Краем глаза он заметил между двумя выступами движение, навел резкость и затаил дыхание, чтобы бинокль не дергался.
Однако не увидел ничего, кроме волнами ходившей под ветром высокой травы.
Движение мелькнуло метров на двести-триста левее, вне зоны, которую захватывал тепловизор вертолета, и экран не показывал Луве ничего, кроме равномерно серого пейзажа, последних покрытых травой склонов перед домом.
Луве повернулся к Оливии, которая изучала местность внизу в бинокль с тепловизором.
– Проверьте, пожалуйста, левее, в траве между двумя выступами. Там нет источника тепла?
– Местность вижу хорошо, там ничего похожего на людей… Но я продолжаю искать.
Когда на экране, который показывал покосившийся бревенчатый дом, появилось слабое белое мерцание, Луве подался вперед.
Вскоре источник тепла перестал мерцать, обрел форму и четкие очертания, и Олунд повернул рукоятку реле, увеличив изображение того, что было внизу. Все всматривались в экран.
Луве слышал, как рядом с ним часто дышит Оливия.
– Два или три человека?
– Три, – сказал Олунд и еще увеличил изображение. – Один поменьше, наверное, ребенок, и два побольше. Все лежат, двое больших рядом друг с другом.
– На луг приземляться нельзя, – объявил Ювва. – Туда огонь быстро доберется. Попытаемся сесть во дворе, за каменной стеной. – Он оглянулся. – Видите что-нибудь, что может помешать посадке?
Луве казалось, что все его способности к умозаключениям распадаются на глазах, но он постарался взять себя в руки.
– Деревце рядом с домом, – сказал он, чувствуя, как пересохло в горле.
– Дерево я тоже вижу, – отозвался Ювва. – Оно не проблема. Поверхность довольно большая, приземлиться можно, а что там с камнями или неровностями?
Луве не видел ничего, кроме травы, но он не мог определить, насколько она высока и не скрывается ли в ней что-нибудь.
– Не вижу… Вроде все ровно, – сказал он. – Я крикну, если… – В горле саднило, и он сглотнул.
– Пойдет, – решил Ювва. – Держитесь… Ветер порывистый, да и тесновато.
– С точностью до миллиметра, – проговорил Олунд, когда они начали снижаться, и деревце, он увидел, оказалось с его стороны.
У Луве заложило уши, и ему вдруг стало спокойно.
* * *
Он не сразу осознал, что они стоят на земле.
Лопасти за окном вращались все медленнее, а потом и вовсе металлически лязгнули и замерли в нескольких метрах от узловатых ветвей дерева.
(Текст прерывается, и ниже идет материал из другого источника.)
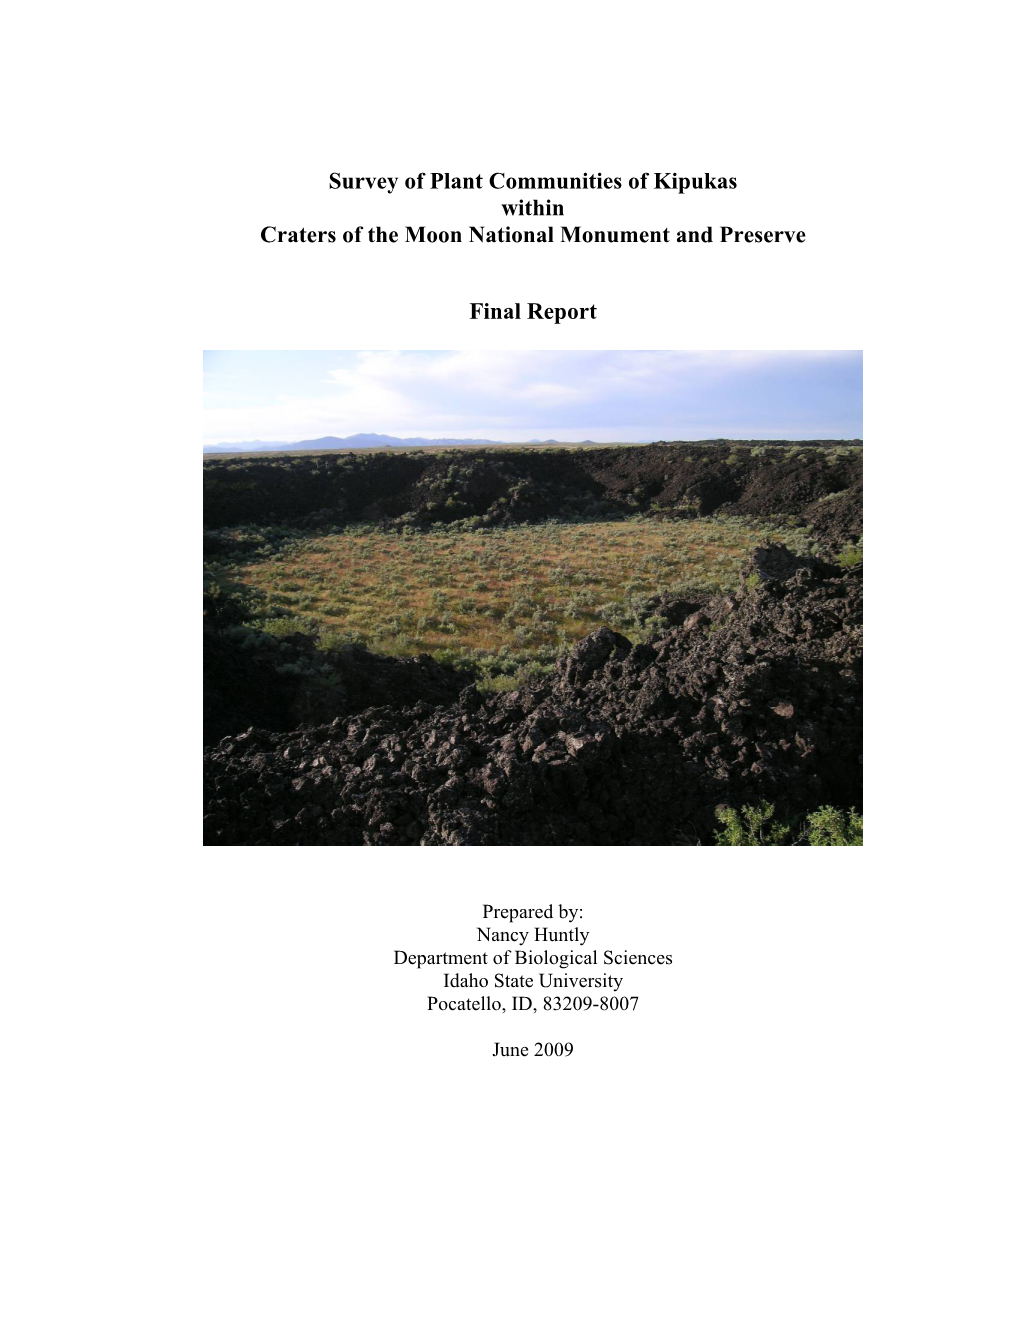 Survey of Plant Communities of Kipukas Within Craters of the Moon National Monument and Preserve

Дым на земле был значительно гуще, чем казалось сверху. Из терзаемого ветром дома не доносилось ни звука.
– Теперь действуем быстро, – распорядился Ювва.
Глава 71
На заброшенном хуторе
Последним, что увидел Олунд на экране тепловизора перед приземлением, было тепло трех тел. Тепло было живое, но тела лежали пугающе неподвижно, хотя ветер, поднятый вертолетными лопастями, рвался в щели бревенчатых стен. Олунд понимал, что надо торопиться, в воздухе взвихривались хлопья сажи, небо потемнело, но что-то подсказывало ему, что сейчас лучше соблюдать спокойствие и быть внимательнее. Он осторожно открыл рассохшуюся дверь.
Дверь проскребла по полу. Олунд услышал, как в доме кто-то закашлялся.
– Нино? – прошептала Оливия, стоявшая позади него.
Окна были заколочены, и в доме стояли полумрак и тишина. В открытую дверь Олунд увидел две ноги, потом еще пару ног. В темноте кто-то зашевелился.
Нино сел на полу, завернувшись в замахрившееся тряпье, и протер глаза.
Из-под бесформенной груды тряпок виднелись только тощие ноги: там лежал еще кто-то.
– Горит, – сказал Нино.
Чья-то бледная рука отдернула ткань, и вошедшие увидели исхудавшее лицо.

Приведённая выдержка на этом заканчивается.